* _INFORMATION SUPPLIED_
****************

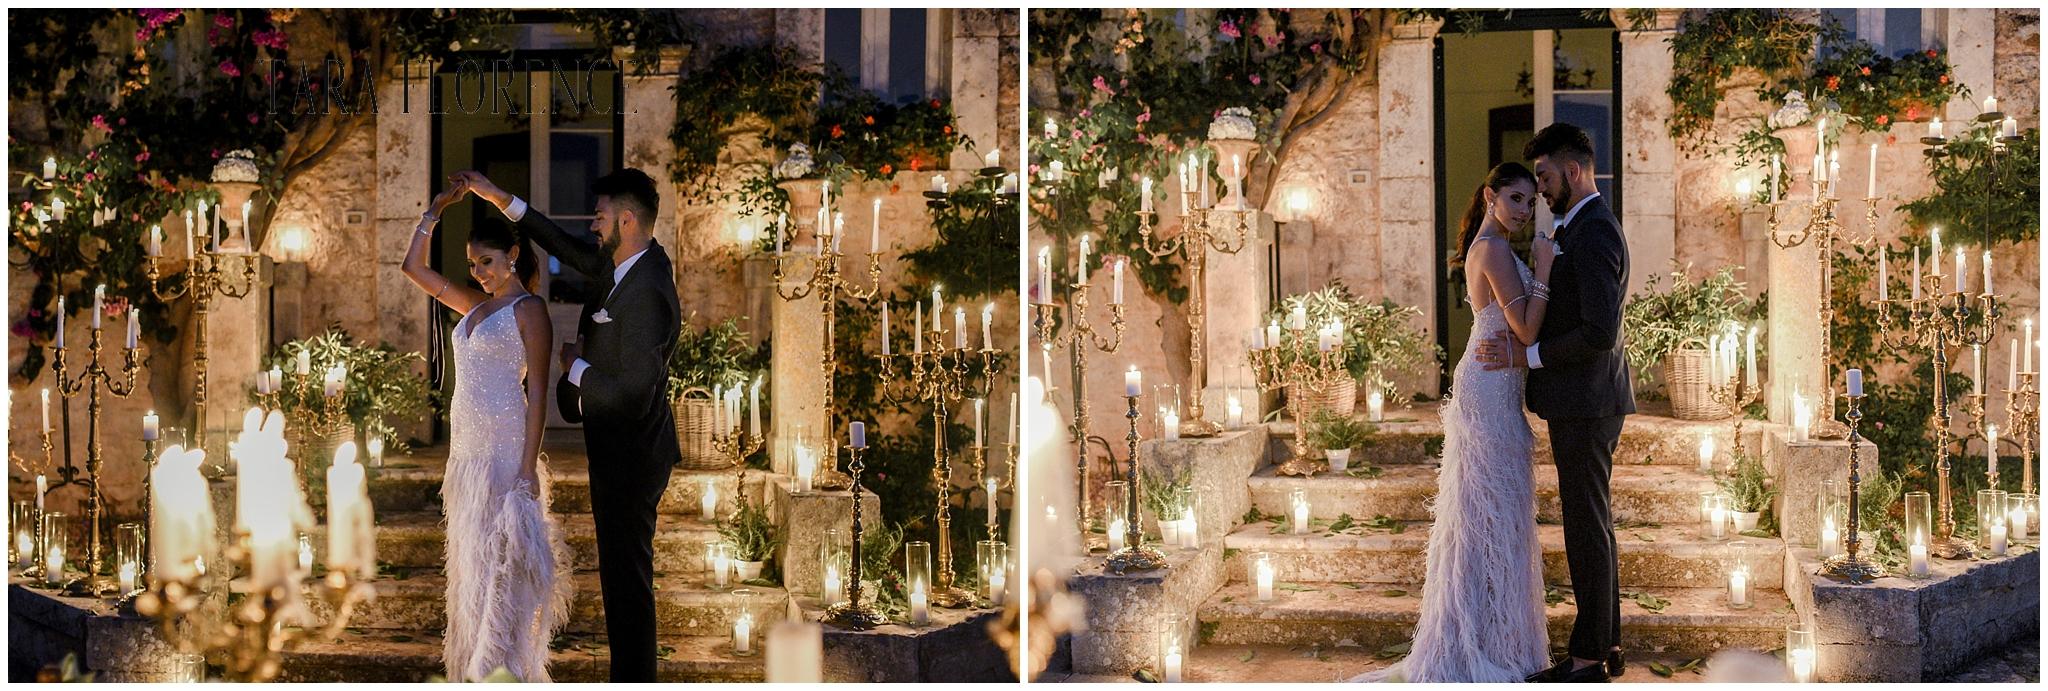 Puglia-Tara-Florence-Bridal-Editorial-186_WEB.jpg
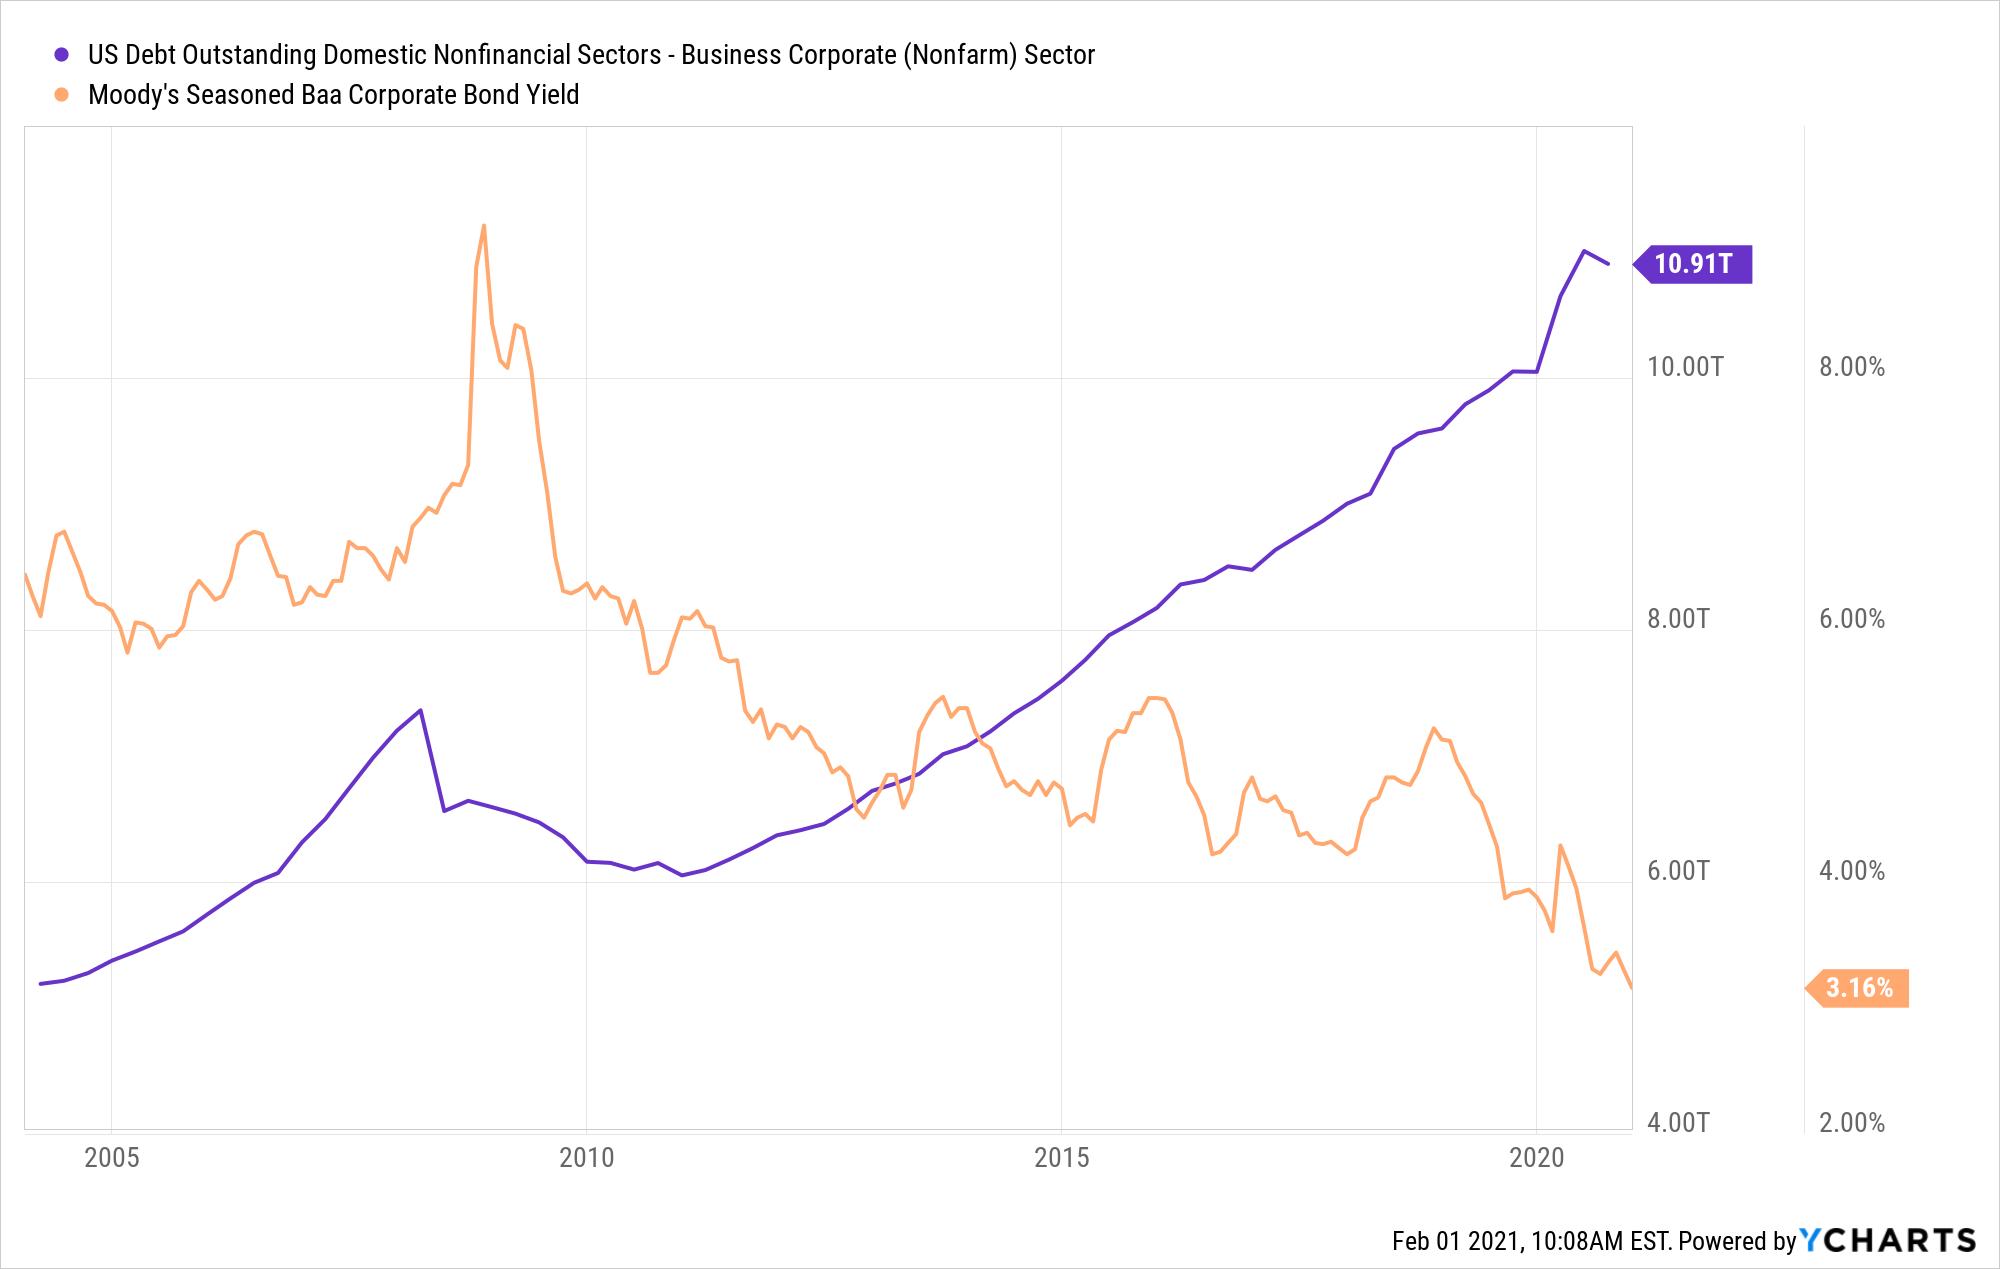 US Debt Outstanding Domestic Nonfinancial Sectors - Business Corporate (Nonfarm) Sector Chart
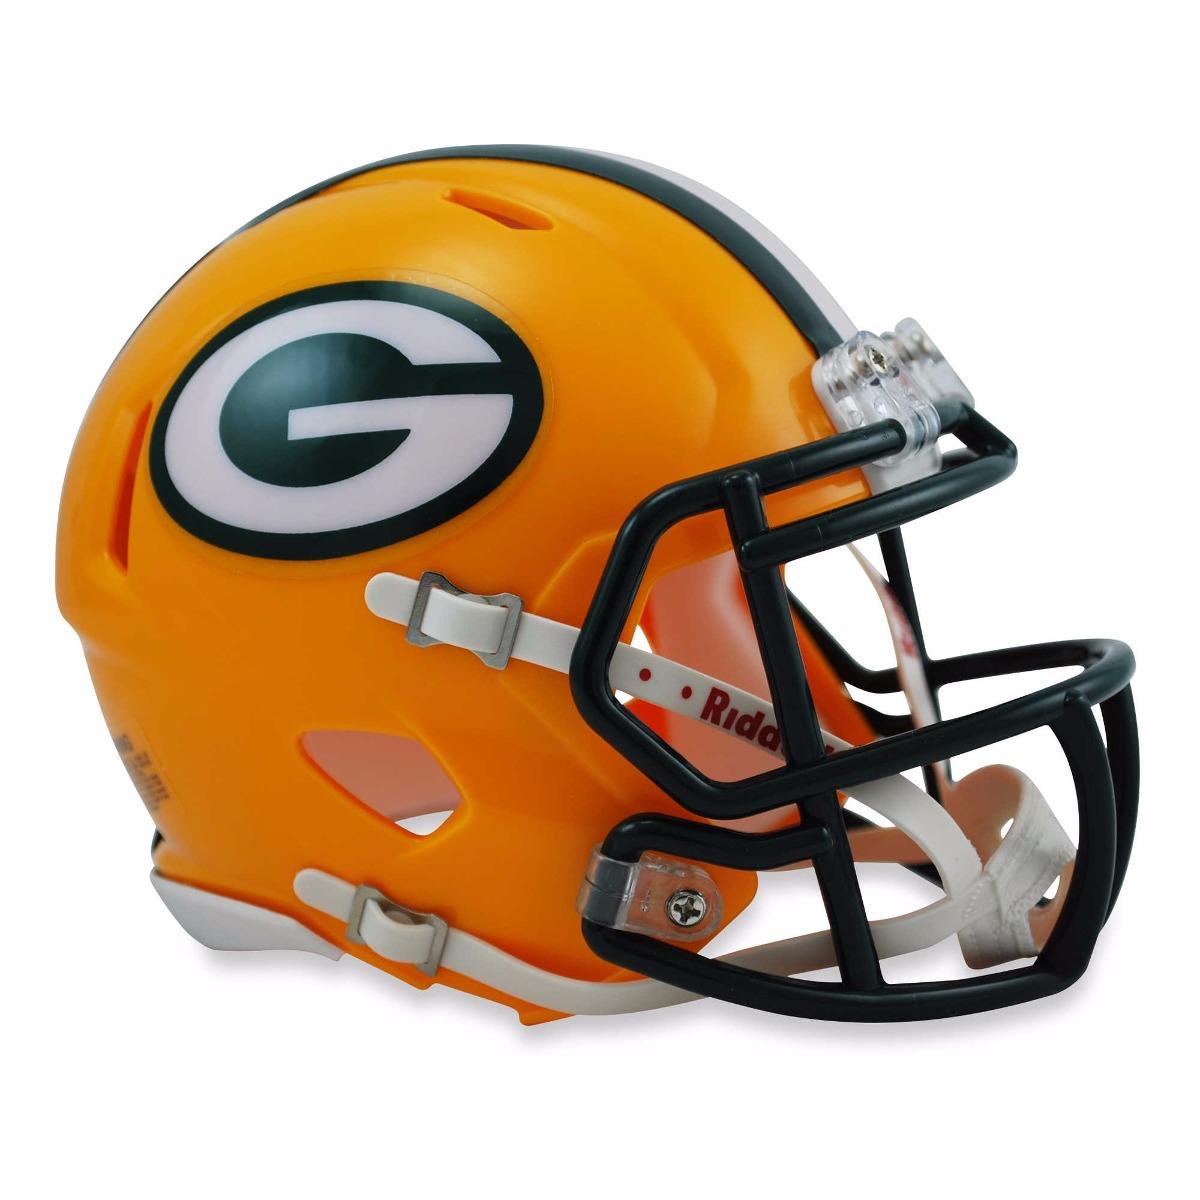 bced30e9bb Mini Capacete Futebol Americano Nfl - Green Bay Packers - R  299

****************

* _WHAT TO PRODUCE_
Please give the data again in full, exactly as written, but without any images.

* _ANSWER FOR THIS EXERCISE_
 Puglia-Tara-Florence-Bridal-Editorial-186_WEB.jpg
 US Debt Outstanding Domestic Nonfinancial Sectors - Business Corporate (Nonfarm) Sector Chart
 bced30e9bb Mini Capacete Futebol Americano Nfl - Green Bay Packers - R  299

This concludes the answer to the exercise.